W/n the DOH has the power to implement the WHA Resolutions under the Revised Administrative Code even in the absence of a domestic law? Only
the provisions of the Milk Code. (as per the discussion above)
- Section 3, Chapter 1, Title IX of the RAC of 1987 provides that the DOH shall define the national health policy and can issue orders and
regulations concerning the implementation of established health policies.
- A.O. No 2005 -0014 which provides the national policy on infant and young child feeding, does not declare that as part of its policy, the
advertisement or promotion of breastmilk substitutes should be absolutely prohibited.
- Only the provisions of the Milk Code, but not those of the subsequent WHA Resolutions, can be validly implemented by the DOH through the
subject RIRR.

W/n the provisions of the RIRR being in accordance with the Milk Code? Not all of them
- Assailed provisions: [1] extending the coverage to young children; [2] imposing exclusive breastfeeding for infants from 0-6 months; [3] imposes
an absolute ban on advertising and promotion for breastmilk substitutes; [4] requiring additional labeling requirements; [5] prohibits the
dissemination of information on infant formula; [6] forbids milk manufacturers and distributors to extend assistance in research and continuing
education Although the DOH has the power under the Milk Code to control information regarding breastmilk vis--vis breastmilk substitutes, this
power is not absolute because it has no power to impose an absolute prohibition in the marketing, promotion and advertising of breastmilk
substitutes. Several provisions of the Milk Code attest to the fact that such power to control information is not absolute.
- Sections 11 and 4(f) of the RIRR are clearly violative of the Milk Code because such provisions impose an absolute prohibition on advertising,
promotion and marketing of breastmilk substitutes, which is not provided for in the Milk Code. Section 46 is violative of the Milk Code because
the DOH has exceeded its authority in imposing such fines or sanctions when the Milk Code does not do so. Other assailed provisions are in
accordance with the Milk Code.

W/n Section 13 of the RIRR providing a sufficient standard? Yes.
- Questioned provision, in addition to Section 26 of Rule VII provide labeling requirements for breastmilk substitutes found to be in consonance
with the Milk Code
- The provisions in question provide reasonable means of enforcing related provisions in the Milk Code.

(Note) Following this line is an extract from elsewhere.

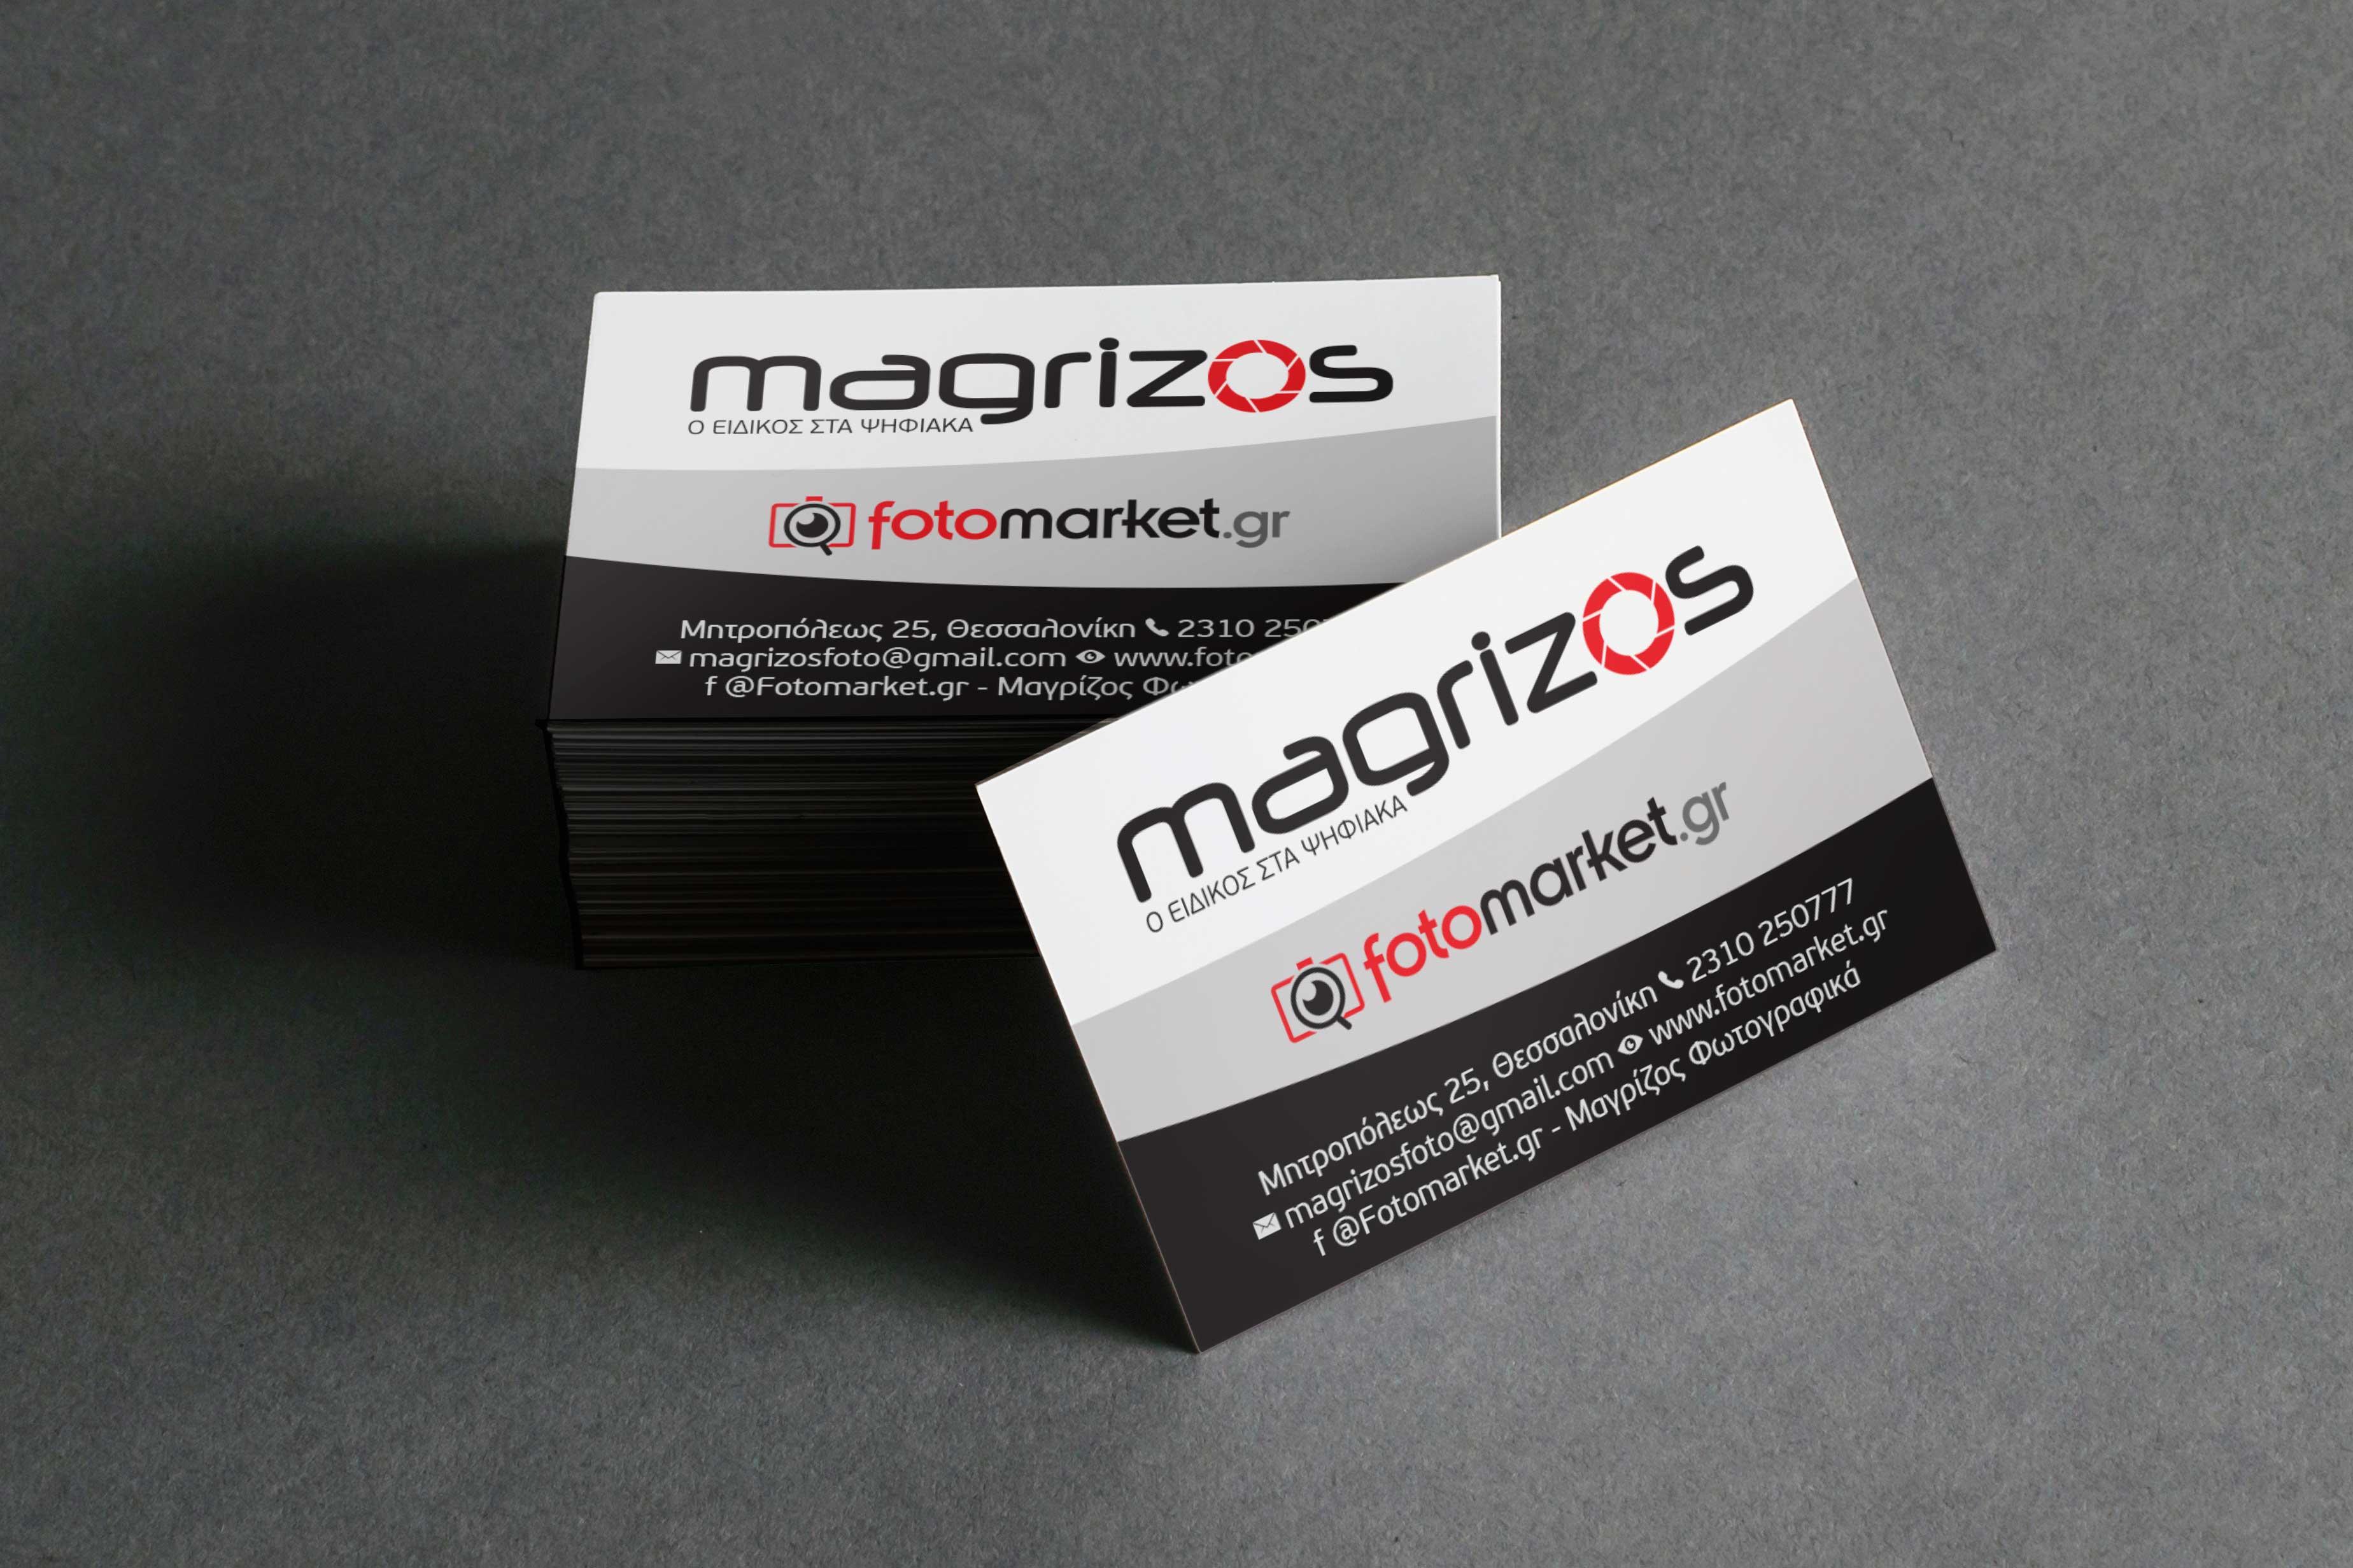 fotomagrizos-card

W/n Section 57 of the RIRR repeals existing laws?
- Section in question only repeals orders, issuances and rules and regulations, not laws. The provision is valid as it is within the DOHs rule-making
power.
- An administrative agency has quasi-legislative or rule-making power. However, such power is limited to making rules and regulation subjected to
the boundaries set by the granting statute and the Constitution. The power is also subject to the doctrine of non-delegability and separability of
powers. The power, which includes amending, revising, altering or repealing, is granted to allow for flexibility in the implementation of the laws.

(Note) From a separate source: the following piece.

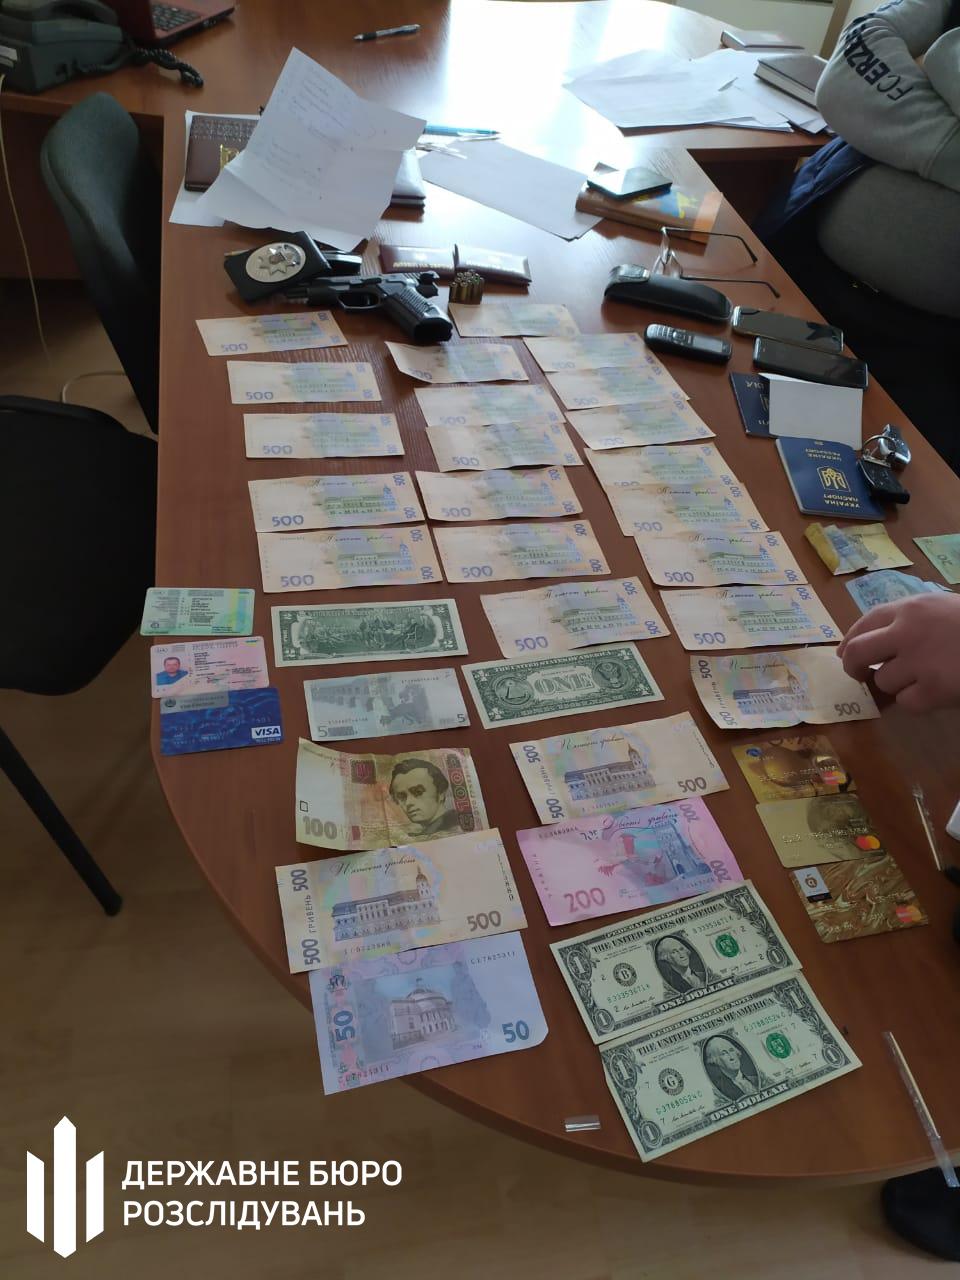 Злоумышленники требовали взятку в размере 40 тысяч грн

W/n On Section 4, 5(w), 11, 22, 32, 47 and 52 violates the due process clause of the Constitution (Article III Section 1)?
- Despite the fact that the present Constitution enshrines free enterprise as a policy, it nonetheless reserves to the government the power to
intervene whenever necessary to promote the general welfare free enterprise does not call for the removal of protective regulations. It must be
clearly explained and proven by competent evidence just exactly how such protective regulation would result in the restraint of trade.
- Section 4 proscription of milk manufacturers participation in any policymaking body; Section 22 classes and seminars for women and
children; Section 32 giving of assistance, support and logistics or training; Section 52 giving of donations
- In the instant case, petitioner failed to show how the aforementioned sections hamper the trade of breastmilk substitutes. They also failed to
establish that these activities are essential and indispensable to their trade.

Disposition: The Petition is Partially Granted. Only sections 4(f), 11 and 46 of A.O. 2006-0014 are declared null and void for being
ultra vires. The TRO is lifted insofar as the rest of the provisions of A.O. 2006-0012 is concerned.